How and Why the Talmud Made a “Jewish Valentine’s Day” https://mosaicmagazine.com/picks/religion-holidays/2015/07/how-and-why-the-talmud-made-a-jewish-valentines-day/

July 31, 2015 | Shraga Bar-On
About the author:

The minor holiday of Tu b’Av (the fifteenth day of the month of Av) is primarily described in rabbinic sources as a day of consolation, marking the reconciliation between Israel and God after the destruction of the first Temple, commemorated six days earlier on Tisha b’Av. The Talmud also mentions a ritual in which unmarried women would sing and dance to attract potential husbands. The Talmud explains this ritual with reference to another national tragedy, described at the end of the book of Judges: the bloody civil war between Benjamin and the other Israelite tribes, provoked by a woman’s brutal gang rape by Benjaminite thugs. Shraga Bar-On explains:

This is . . . a great example of the manner in which the talmudic sages tried to shape historical consciousness via creative reinterpretation.
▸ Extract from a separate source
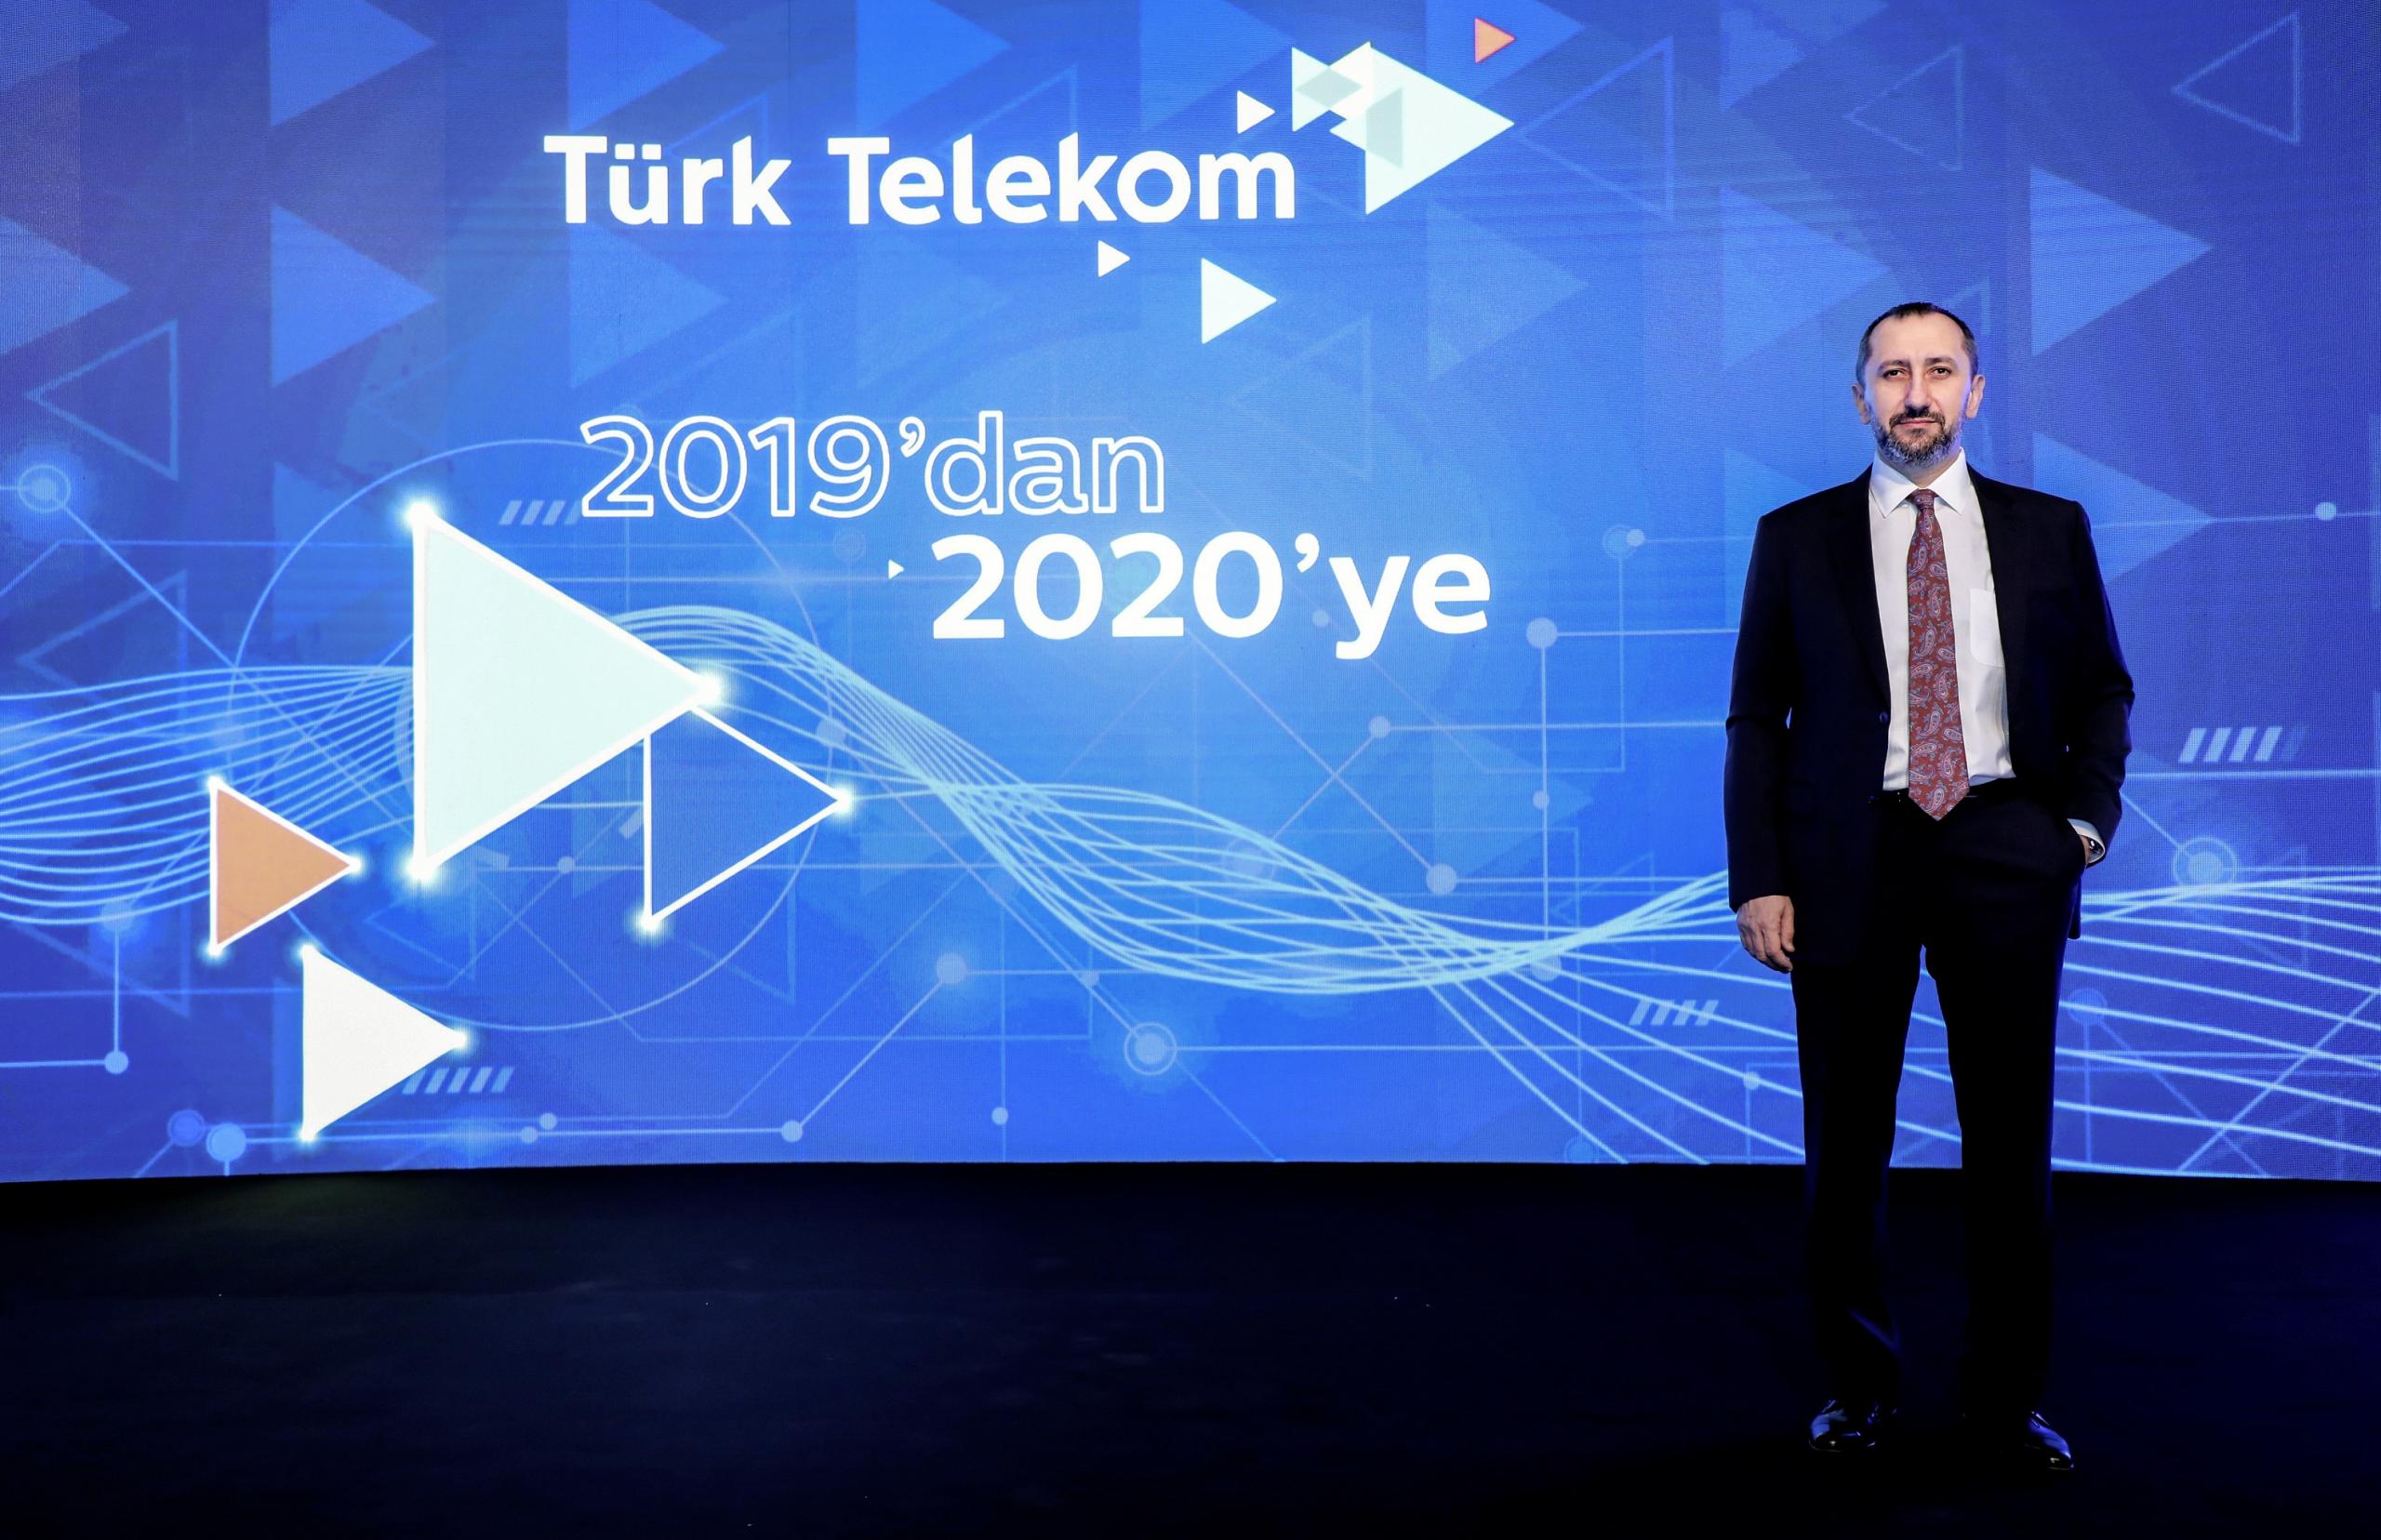 2019’u rekor gelir artışıyla kapatan Türk Telekom; 2,4 milyar TL ile son 7 yılın en yüksek net kârına ulaştı.

One might have imagined that upon the conclusion of the civil war with the tribe of Benjamin, Jewish leaders would have established another Tisha b’Av to mourn this terrible civil war. . . . Instead, they took Tu b’Av and established it as a festival of love in which the tribes join together in matrimony. In this way, they turned enemies into lovers. The rabbis described Tu b’Av as an erotic holiday in which the daughters and sons of Israel go out to the vineyards and have a dance party—and then go home, as one people, as a mixed mosaic of tribes, to marry one another.